The number received may depend on the ping command options. One option will send a given number of pings until it receives that many back or times out. Another option will send 10 pings and wait or time out until they are received. So the metric value may also depend on the ping command. Combination of all ping measures One can put together a plot of all the above ping measures loss, response, unreachability and unpredictability to try and show the combination of measurements for a set of hosts for a given time period.
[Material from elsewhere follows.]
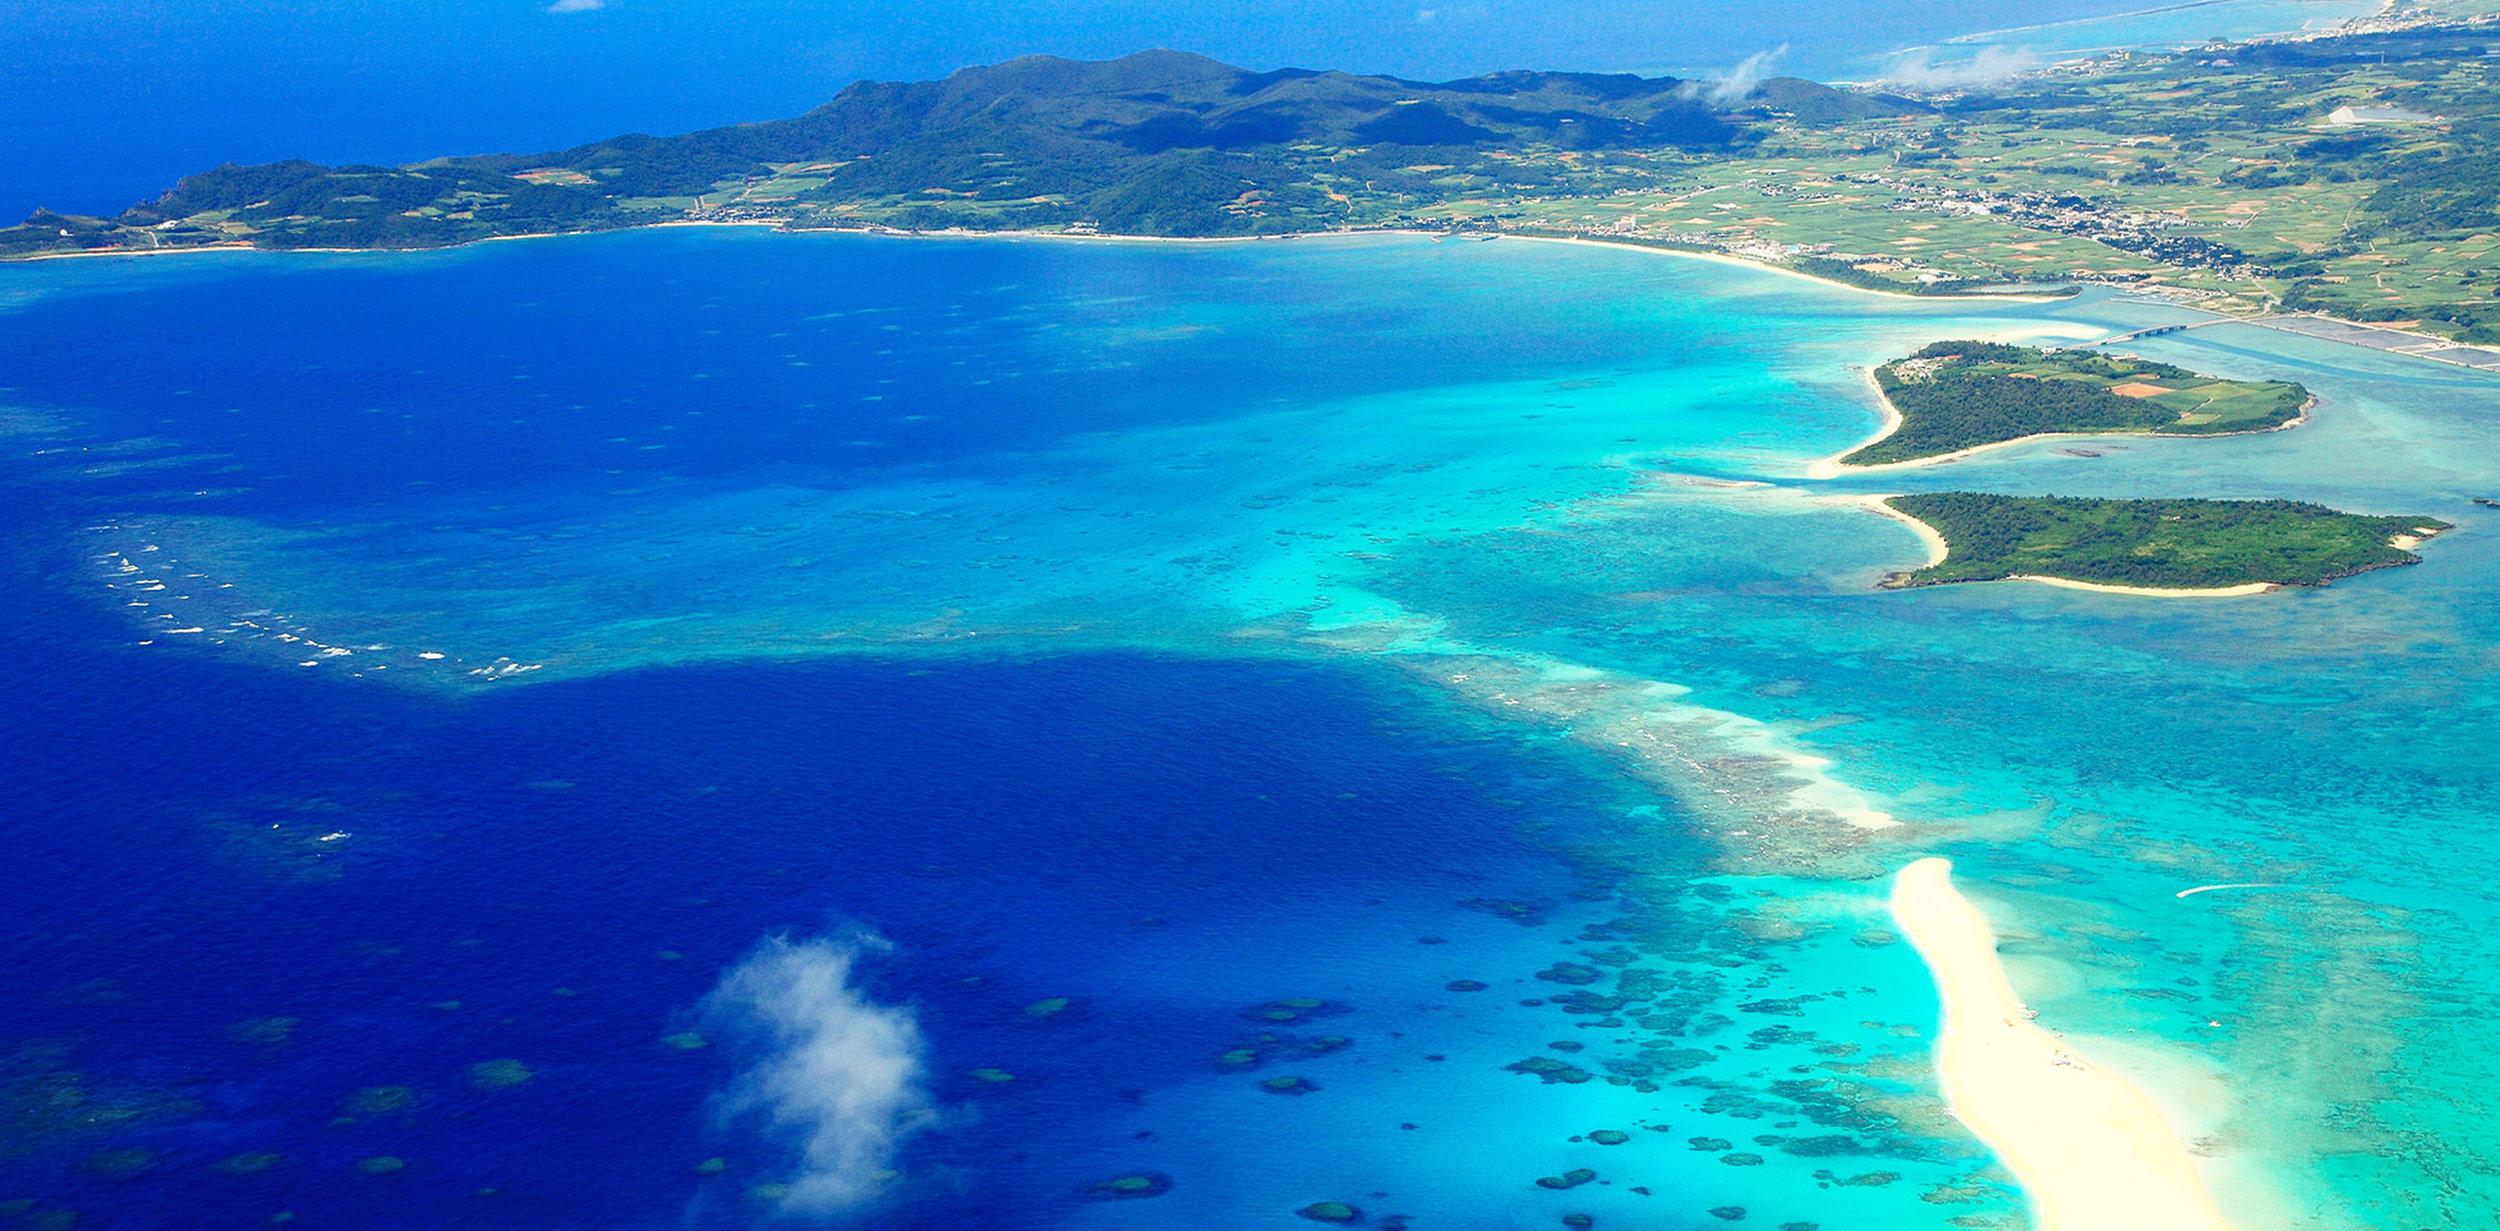 「SKY TREK」が6月29日(土)から7月7日(日)までの期間限定で 沖縄フライトを実施!
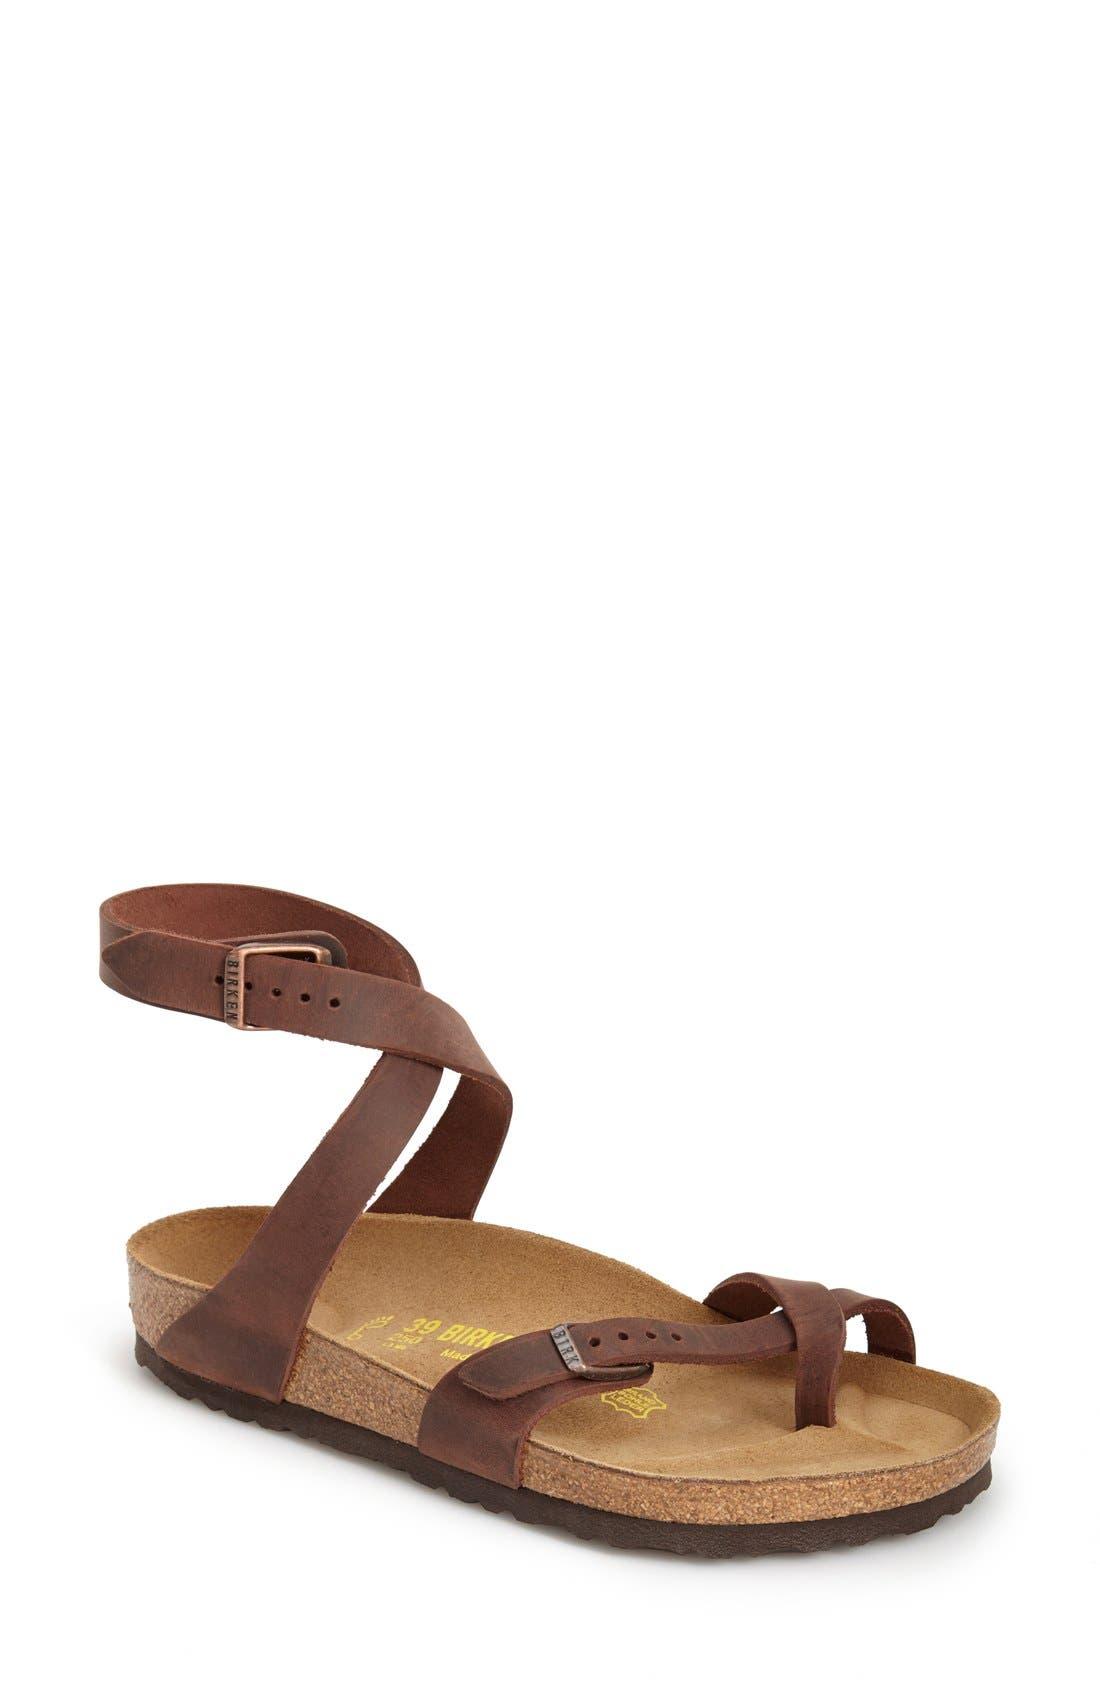 'Yara' Sandal,                             Main thumbnail 1, color,                             Yara Habana Oiled Leather

The plot below for March , , groups the hosts into logical groups ESnet, N. America West, In the above plot, the loss and response time are measured during SLAC prime time 7am - 7pm, weekdays , the other measures are for all the time. The response time is plotted as a blue line on a log axis, labelled to the right, and is the round trip time for byte ping payload packets.

A host is deemed unreachable at a 30 minute interval if it did not respond to any of the 21 pings made at that 30 minute interval. The host unpredictability is plotted in green here as a negative value, can range from 0 totally unpredictable to 1 highly predictable and is a measure of the variability of the ping response time and loss during each 24 hour day.

It is defined in more detail in Ping Unpredictability. If you know of other possible solutions, we look forward to receiving a message from you at the end of this article. So, we hope the tips and tricks were helpful and the Pinger Calling App download works again quickly and without any problems.

By the way there may be other problems and errors that you may find in the overview of all Pinger Calling App problems. If you continue to have problems and Pinger Calling App is still loading slowly, we look forward to hearing from you.